Unlike in spring, male and female reed buntings exhibited rather uniform seasonal dynamics of locomotor activity in autumn, with high nocturnal and relatively low diurnal activity levels (Fig. 1). This suggests that both sexes migrate mainly at night. The data on birds killed at lighthouses collected in the Baltic region (Hansen 1954) also suggested that nocturnal migration of the reed bunting is more pronounced in autumn than in spring. The number of reed buntings found dead in autumn was more than ten times higher than in spring. This was not the case for many other common nocturnal migrants, such as blackbird (Turdus merula) or northern wheatear (Oenanthe oenanthe). Subtle sex variations in seasonal activity patterns were noted, with females exhibiting earlier onset and a slightly more intensive Zugunruhe at the start of migration. This could be possibly linked to the earlier development of the autumn migratory state in young female birds, which was proposed for reed bunting in the wild (Schmitz and Steiner 2006; Lehikoinen et al. 2017) and has been recorded in other long- and short-distance migrants (Lehikoinen et al. 2017).

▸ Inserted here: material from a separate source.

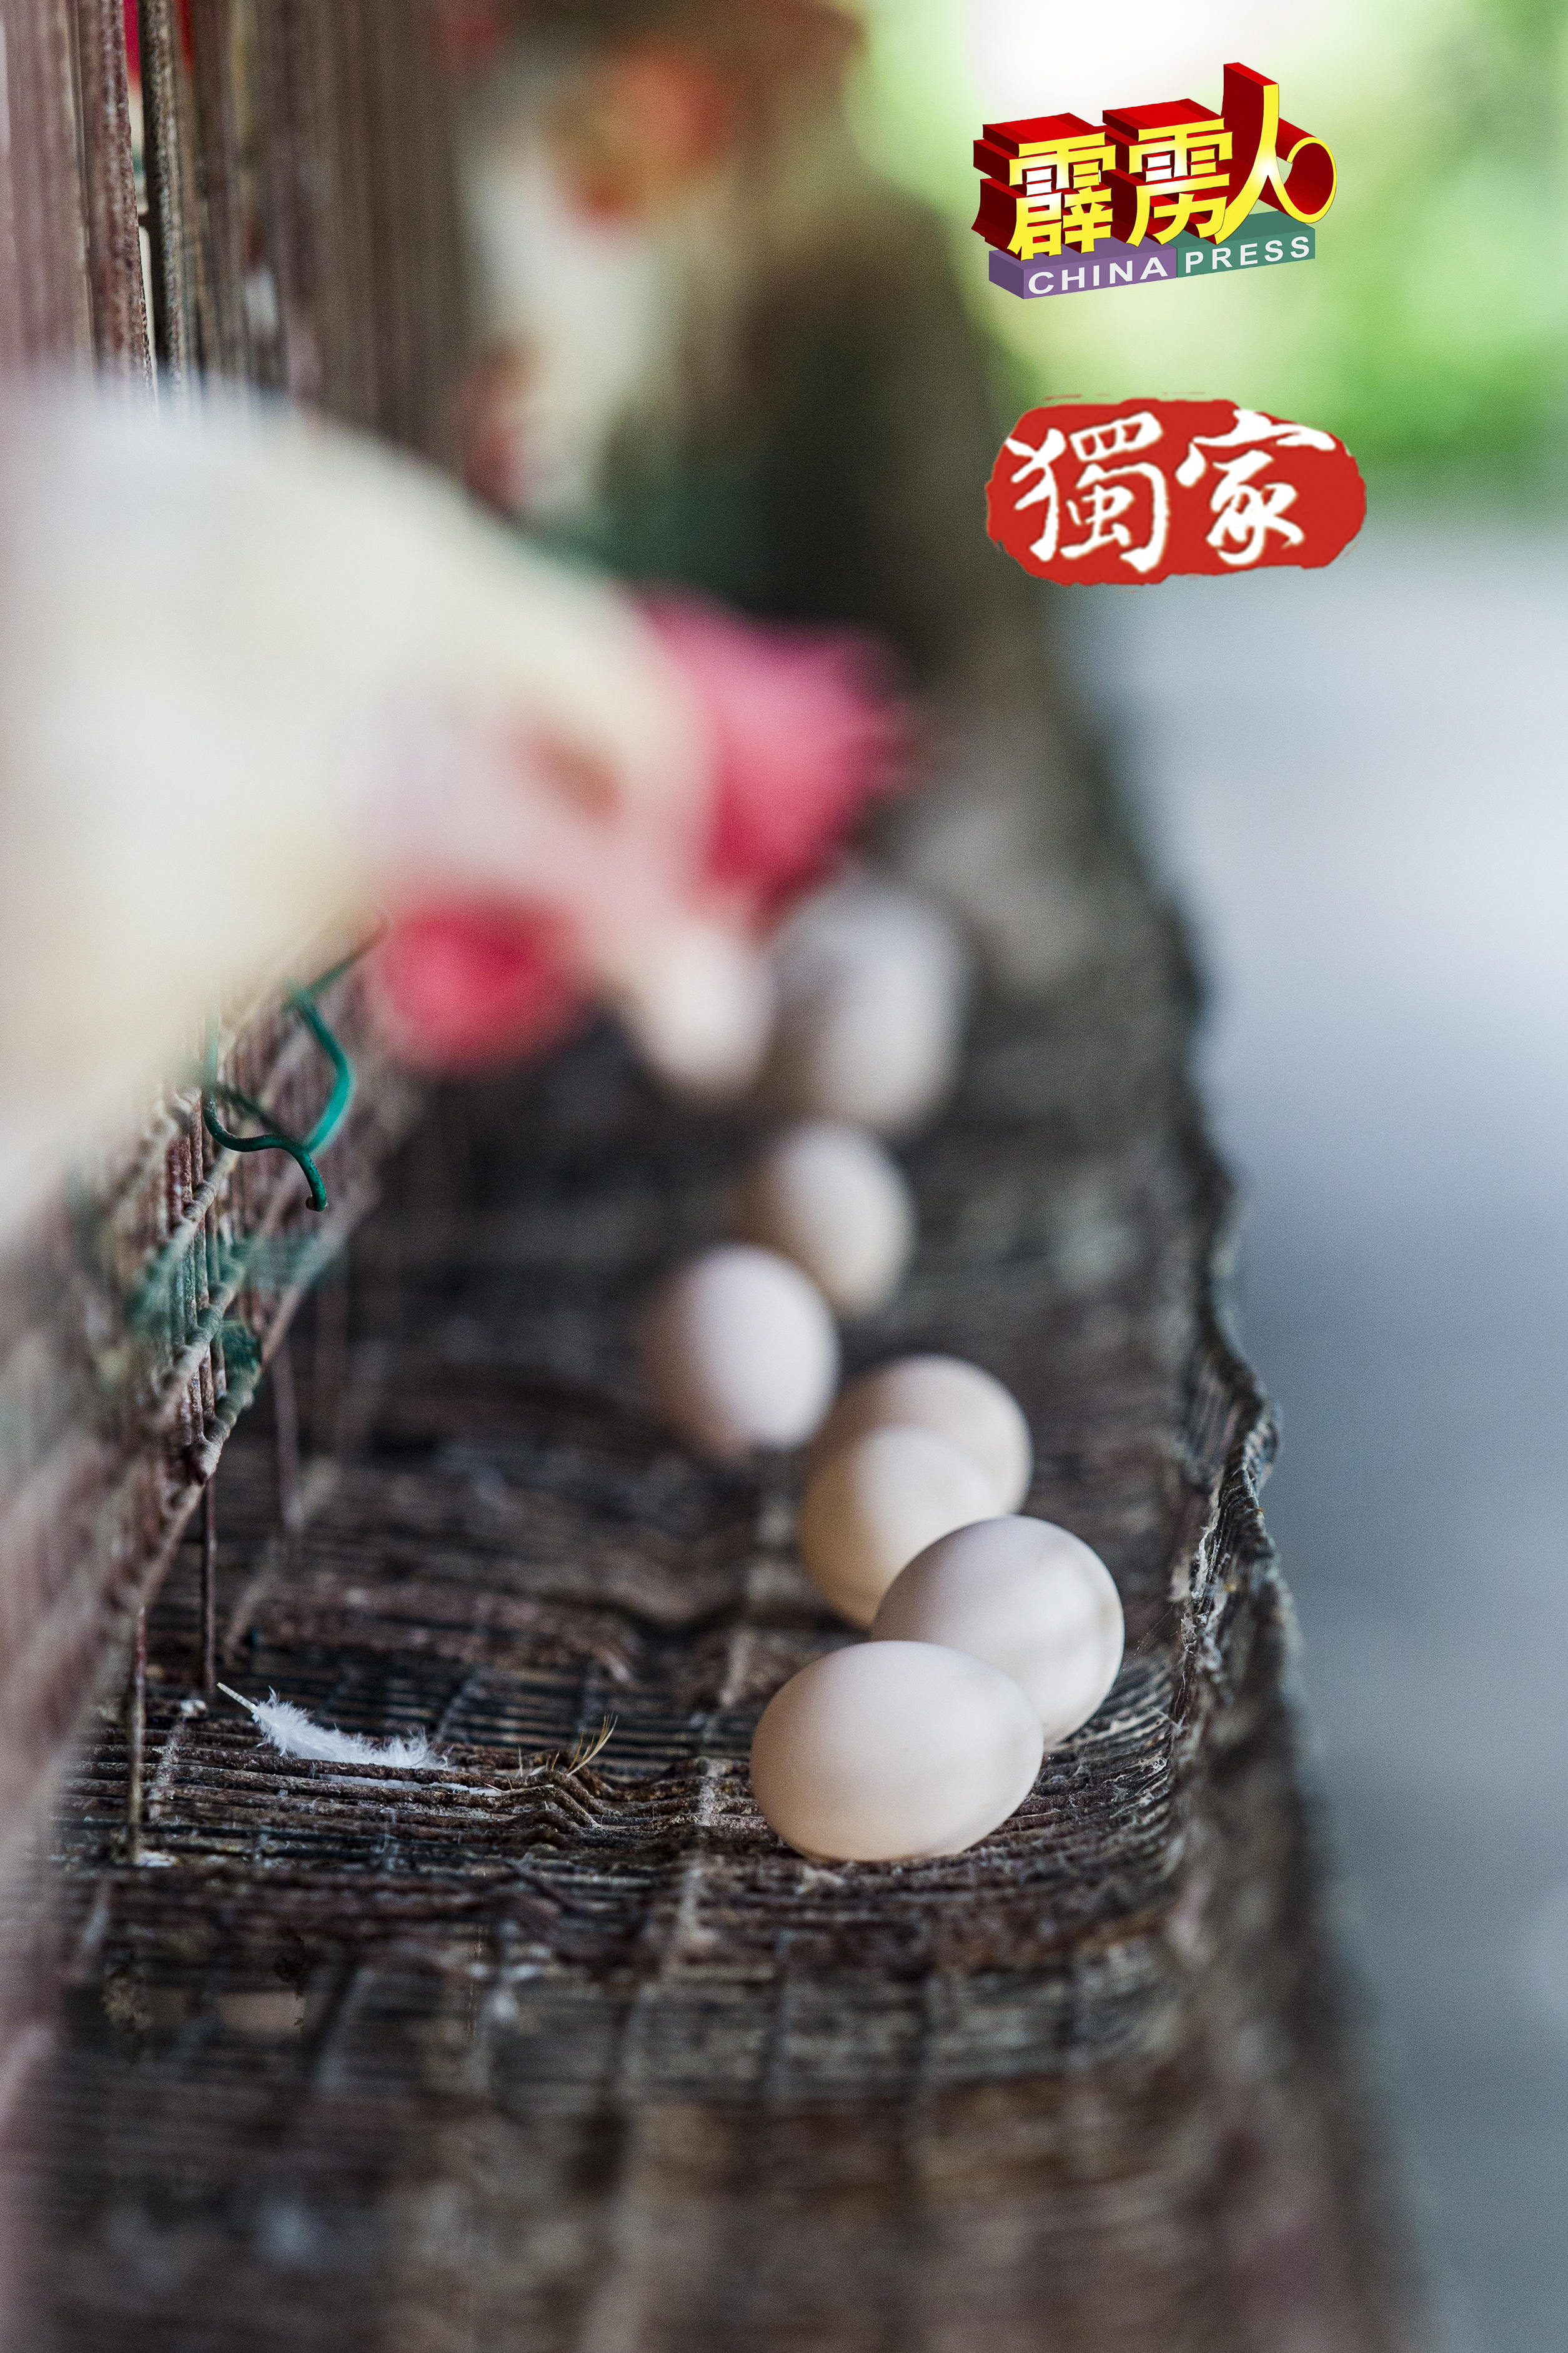 白壳鸡蛋目前的每粒批发价在近60仙至70仙之间， 比红壳鸡蛋顶价要高。

The circadian dynamics of locomotor activity in autumn were also similar in both sexes (Fig. 2). Males displayed slightly elevated morning activity, suggesting potential daytime migratory flights, albeit less pronounced than in spring. The overall magnitude of the sex-related difference in diurnal activity levels was much reduced compared to spring, which further solidifies the assumption of predominantly nocturnal migration in reed buntings in autumn. Clear sex-related variation in the diurnal/nocturnal activity ratio between spring and autumn further supports the notion that increased diurnal activity in males during spring reflects genuine migratory behaviour.
The fat reserve dynamics in autumn mirrored the activity data, with both sexes gaining reserves in parallel with increased nocturnal migratory activity (Fig. 1a and Fig. 3). However, females tended to accumulate more fat reserves in the first half of autumn (Fig. 3), which is probably associated with their earlier development of the autumn migratory disposition mentioned earlier. These and other results highlight the close association between Zugunruhe levels and the amount of fat reserves in reed buntings. As in spring, we did not find sex differences in leukocyte profile parameters during autumn migration (Online resource, Fig. S3, Table S7). However, we observed elevated total leukocyte counts in autumn, which aligns with previous findings for other bird species (Owen and Moore 2008; Demina et al. 2019). This is probably associated with elevated immune system activity in reed bunting in autumn.